Читаем Просветленные не ходят на работу полностью

— Все эти вещи лишь даны тебе взаймы! — он сердито погрозил мне пальцем. — Забыл?

Я вздохнул с сожалением, но руку убрал.

— И пока ты будешь считать их своими, я их тебе не отдам, — продолжил монах. — Конечно, ты можешь отправиться в Паттайю в антаравасаке, без паспорта и денег, но я не думаю, что это будет разумно.

Предстать перед знакомыми и друзьями в виде буддийского послушника?

При мысли об этом я поежился.

— Поэтому держи для начала вот это… — брат Пон подобрал рубаху, светло-голубую, в оранжевых попугаях, и подал ее мне. — Сделай ее объектом своей медитации.
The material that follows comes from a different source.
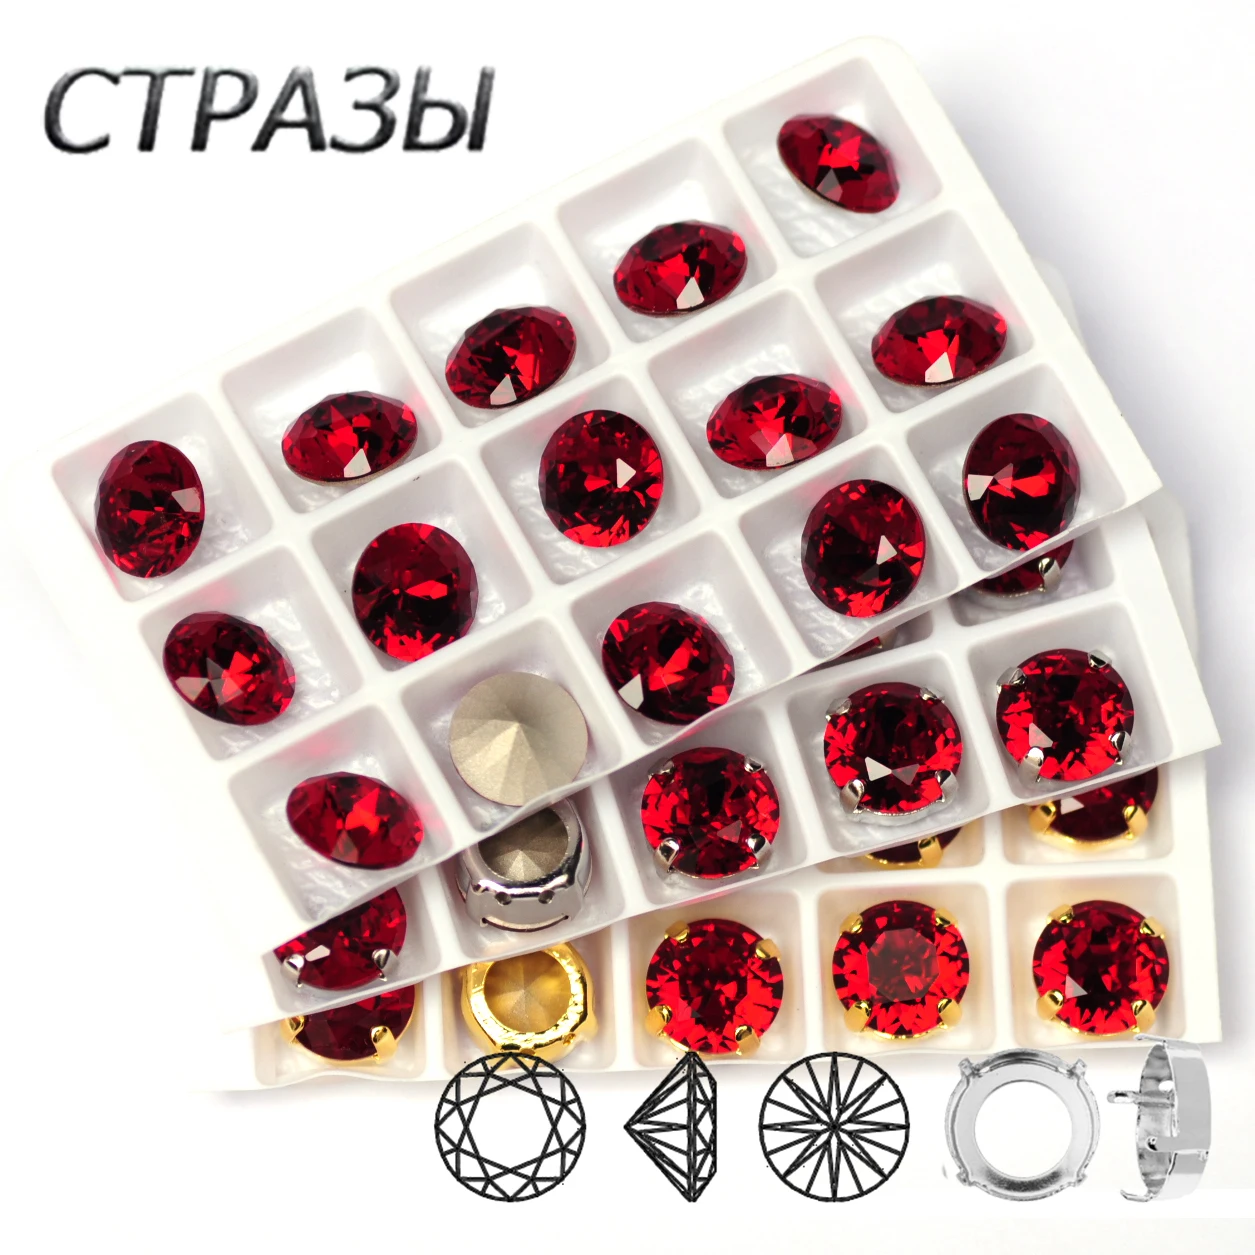 

CTPA3bI 1357 Siam Color Sewing Crystal Pointback Rhinestones Sew On Crystals Stones Brilliant Cut Strass For DIY Clothes Crafts

Добейся того, чтобы она вызывала у тебя столько же эмоций, сколько грязные штаны камбоджийского работяги…

И я отправился в джунгли, на то место, где меня вчера подвергли «созерцанию жизни»; от воспоминаний о нем меня до сих пор корежило, я почти ощущал, как незримые, но вовсе не бесплотные челюсти терзают мускулы и крушат кости.
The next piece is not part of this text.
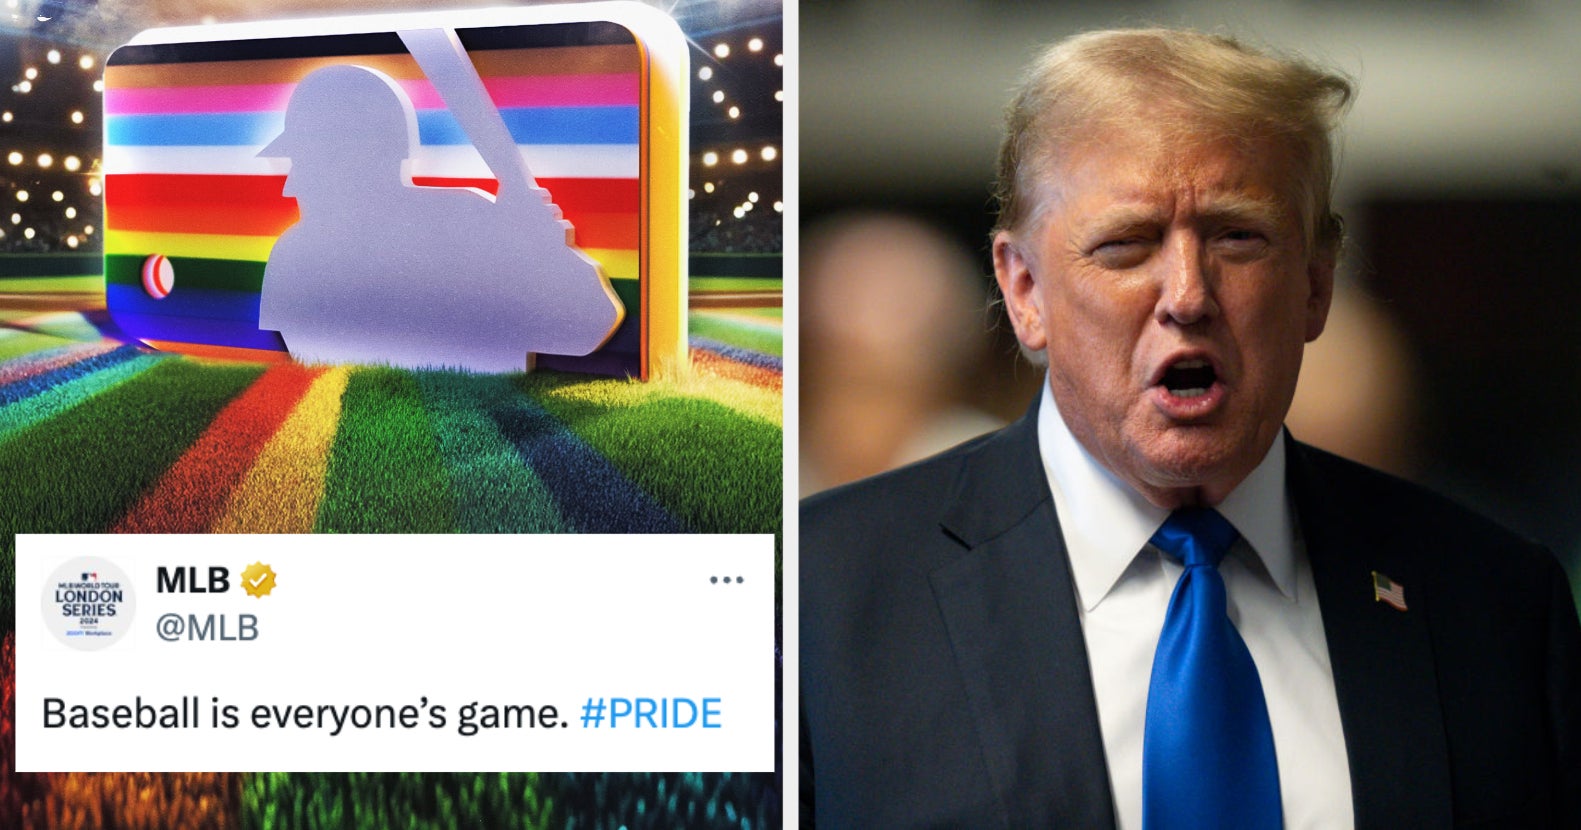 People Are Losing Their Minds Over The MLB's Pride Tweet

Уложив рубаху перед собой, я приступил к делу.

Поначалу разум мой успокаиваться не пожелал, ведь предмет, выданный мне братом Поном, рождал кучу ассоциаций — я купил эту вещь в «Майк Шоппинг Молле», когда мы ходили туда с друзьями из Казани… и она была на мне в тот вечер, когда я познакомился с Таней, и потом она говорила, что… и еще я как-то раз запачкал ее гранатовым соком так, что думал, придется выкидывать…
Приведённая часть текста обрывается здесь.